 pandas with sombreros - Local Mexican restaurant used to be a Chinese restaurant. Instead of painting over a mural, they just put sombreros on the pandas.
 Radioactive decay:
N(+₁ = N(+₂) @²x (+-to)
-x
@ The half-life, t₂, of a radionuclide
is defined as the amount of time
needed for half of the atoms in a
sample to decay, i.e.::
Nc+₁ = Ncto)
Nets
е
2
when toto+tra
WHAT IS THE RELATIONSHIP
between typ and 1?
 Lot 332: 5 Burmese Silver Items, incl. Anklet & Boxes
---
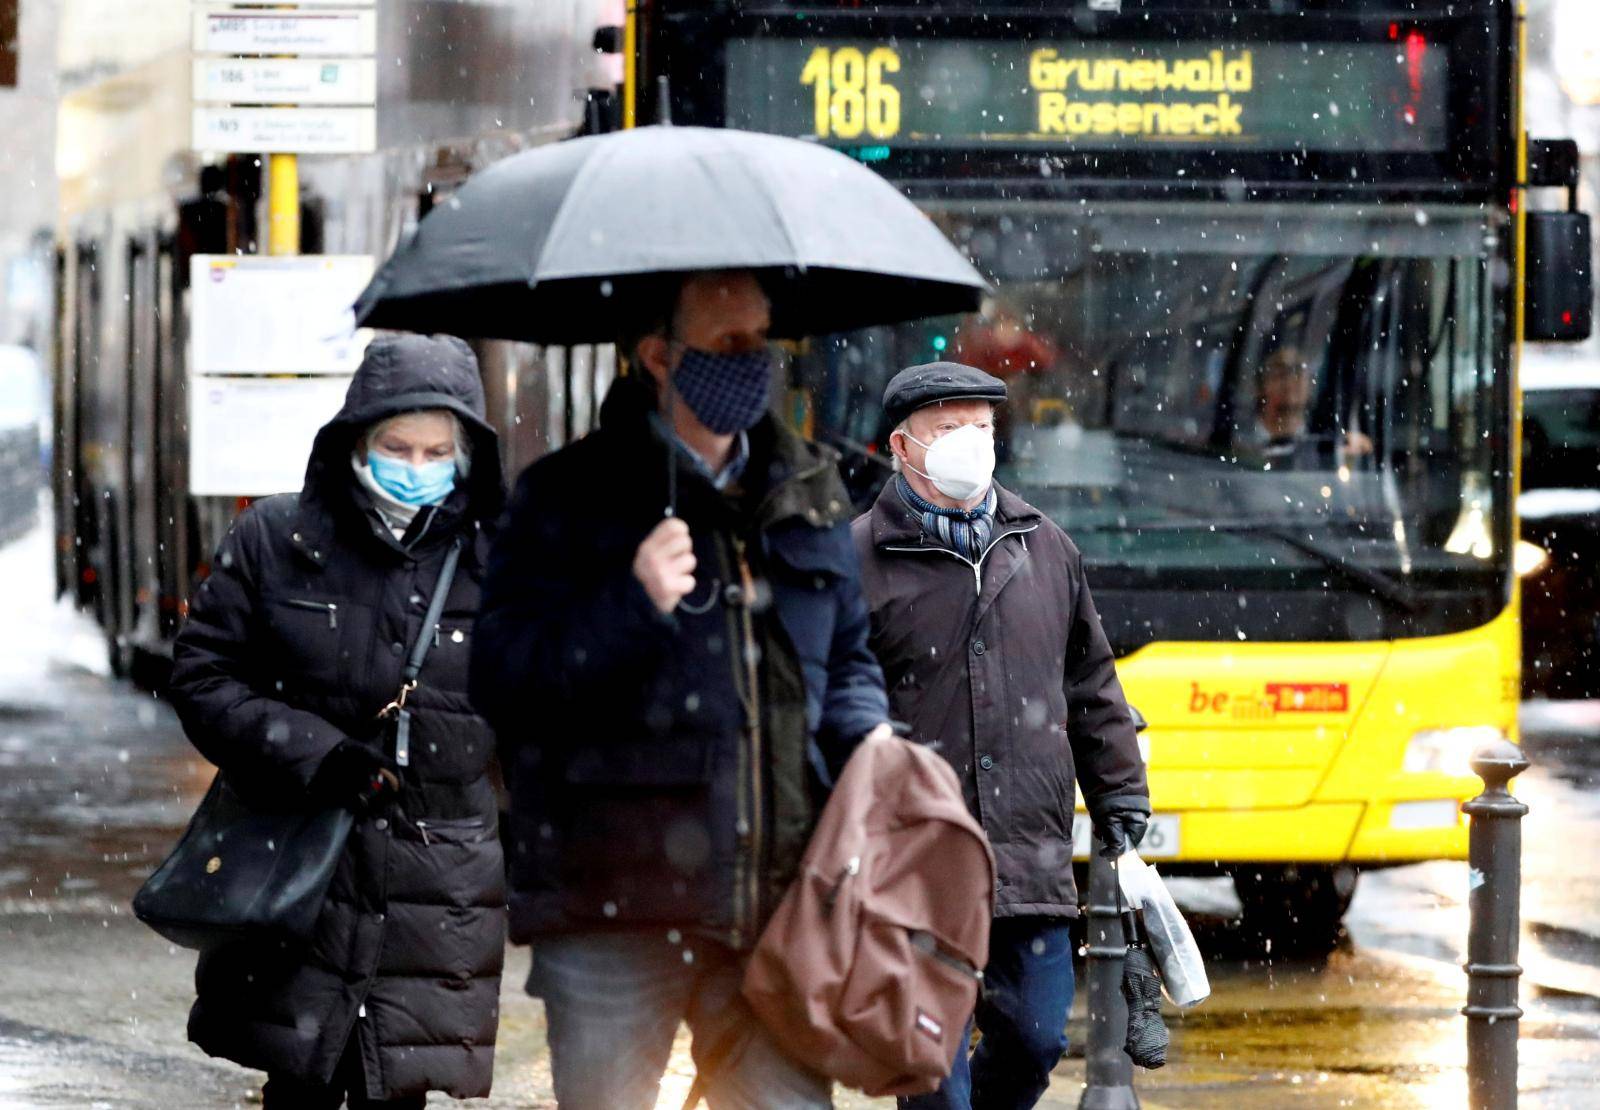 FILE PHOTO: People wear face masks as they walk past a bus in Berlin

What the task asks - Please give back exactly the lines of this listing beginning at the line with "is defined as the amount of time" and ending with the line with "Lot 332: 5 Burmese", both included, and nothing else.

Result -
is defined as the amount of time
needed for half of the atoms in a
sample to decay, i.e.::
Nc+₁ = Ncto)
Nets
е
2
when toto+tra
WHAT IS THE RELATIONSHIP
between typ and 1?
 Lot 332: 5 Burmese Silver Items, incl. Anklet & Boxes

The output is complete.